Brenda tossed her head and sniffed. ‘Sorry,’ she said. ‘I’m not really a heroine, just an indoor girl with outdoor manners. What’s the puzzle?’
‘What’s going on here. That yarn about rustling could well be genuine. It could be that poaching gangs send spies up here and that these people have had a tip-off. On the other hand the yarn would be a perfect cover for an Operation Gorseprick – and ghillies don’t usually go around in battledress, sporting military insignia.’
‘Or wearing silver dirks,’ Brenda said. ‘You got MacAdolf frothing with that one. No, George, it doesn’t add up. Deer isn’t all they have on their minds.’
‘The yarn could still be genuine,’ Gently said. ‘It wouldn’t be a less effective cover. In fact, it would be ideal to have an explanation that would stand up to official scrutiny.’

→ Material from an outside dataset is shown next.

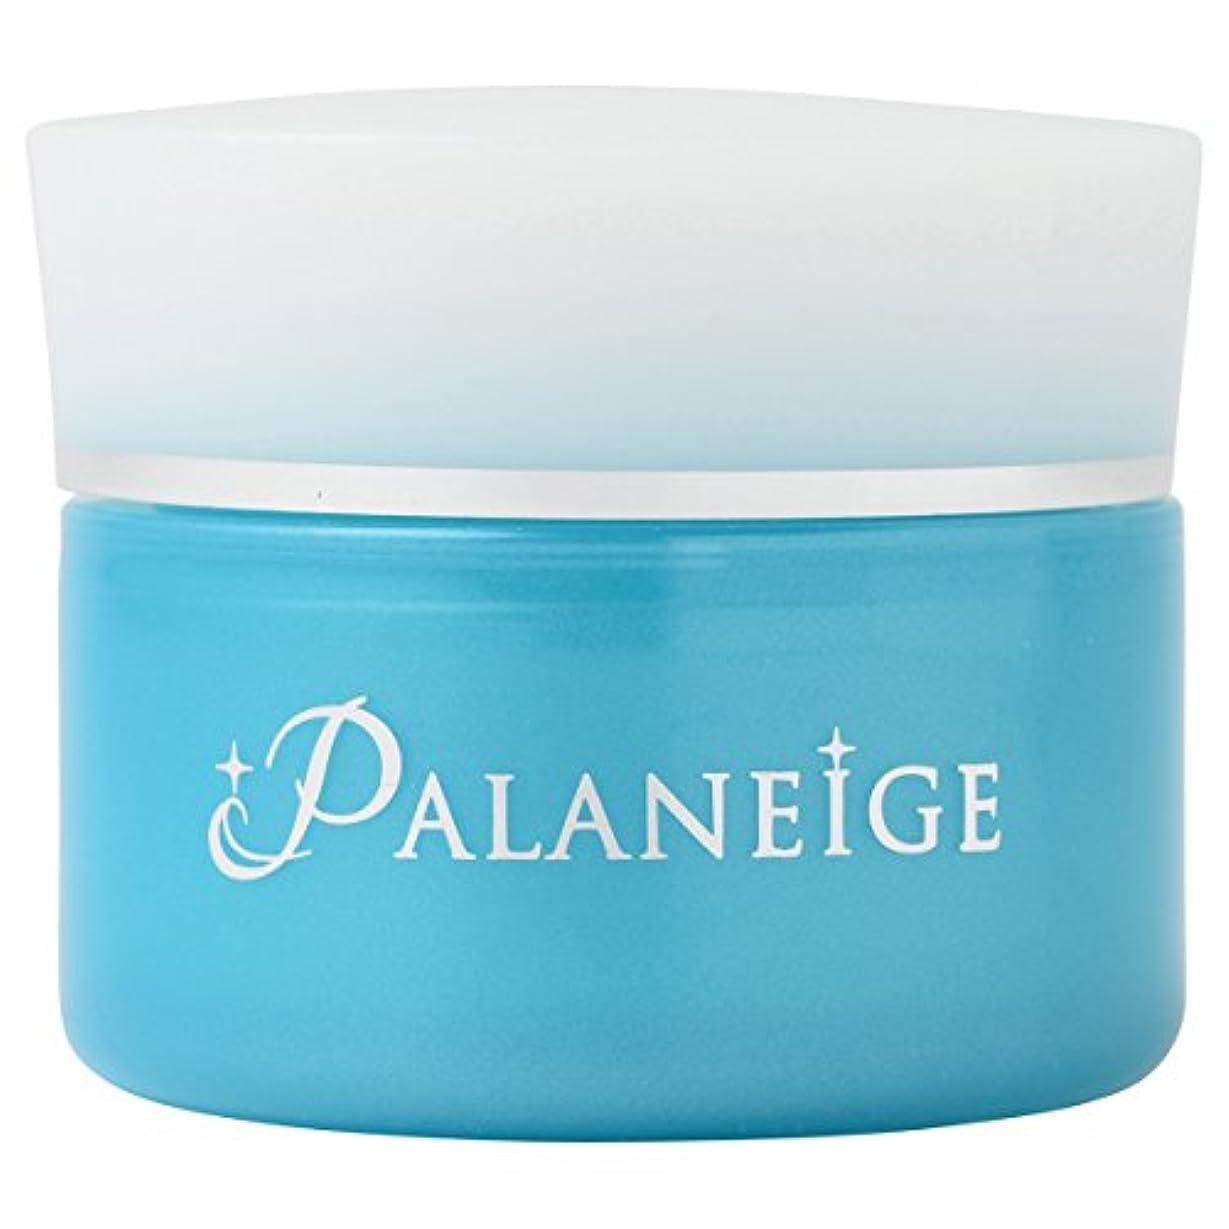 スープ好戦的なコストパラネージュ ( Palaneige ) アルブチンの8倍の美白効果とプラセンタの250倍の美白有効成分があるパラオの白泥を利用した クレイパック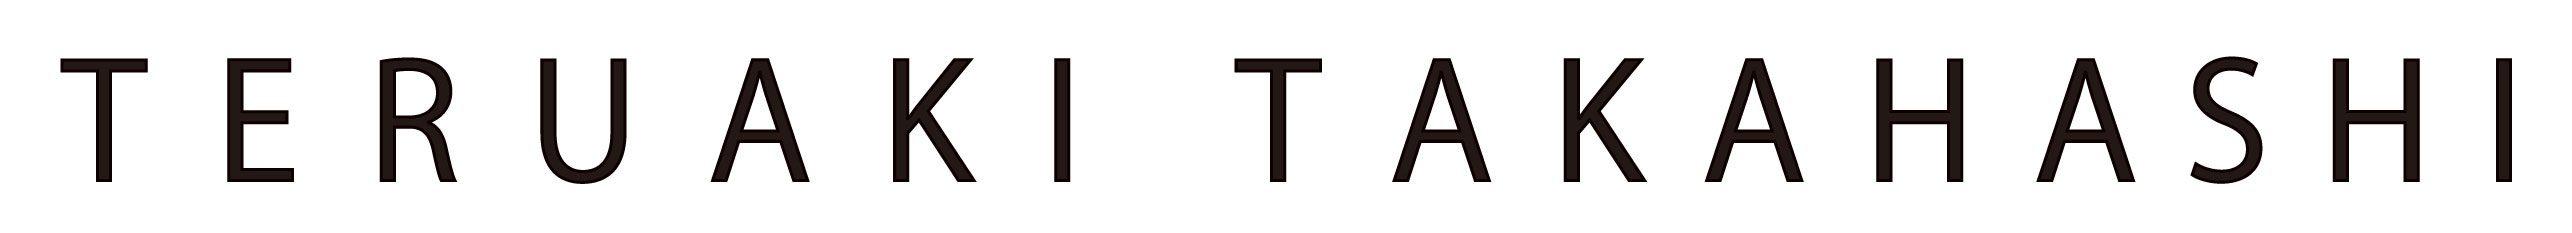 TERUAKI TAKAHASHI | Official  Brand Site

‘But you know, I know,’ Brenda said. ‘And worst of all, MacAdolf knows we know – that what we saw wasn’t entirely to do with deer-protection, and wouldn’t stand up to official scrutiny. So what’s he going to do about that?’
Gently chuckled. ‘He’s probably wondering.’
‘Yes, and I’m wondering too – and the more I wonder the less I like it.’
‘So,’ Gently said. ‘Perhaps it would be wise to help the man with a solution.’
‘How do you mean?’
‘We’d best get out of here – through that window, if we can unlock it.’
He went to the window, struck a match and examined the zinc and the wood framing. Then he took out a pocket knife and began prising up the zinc with the blade.
‘But that’s no use,’ Brenda said. ‘Look – bars.’
‘Patience,’ Gently said. ‘One step at a time. I’ve an idea those bars are to keep people out – which is rather different from keeping them in.’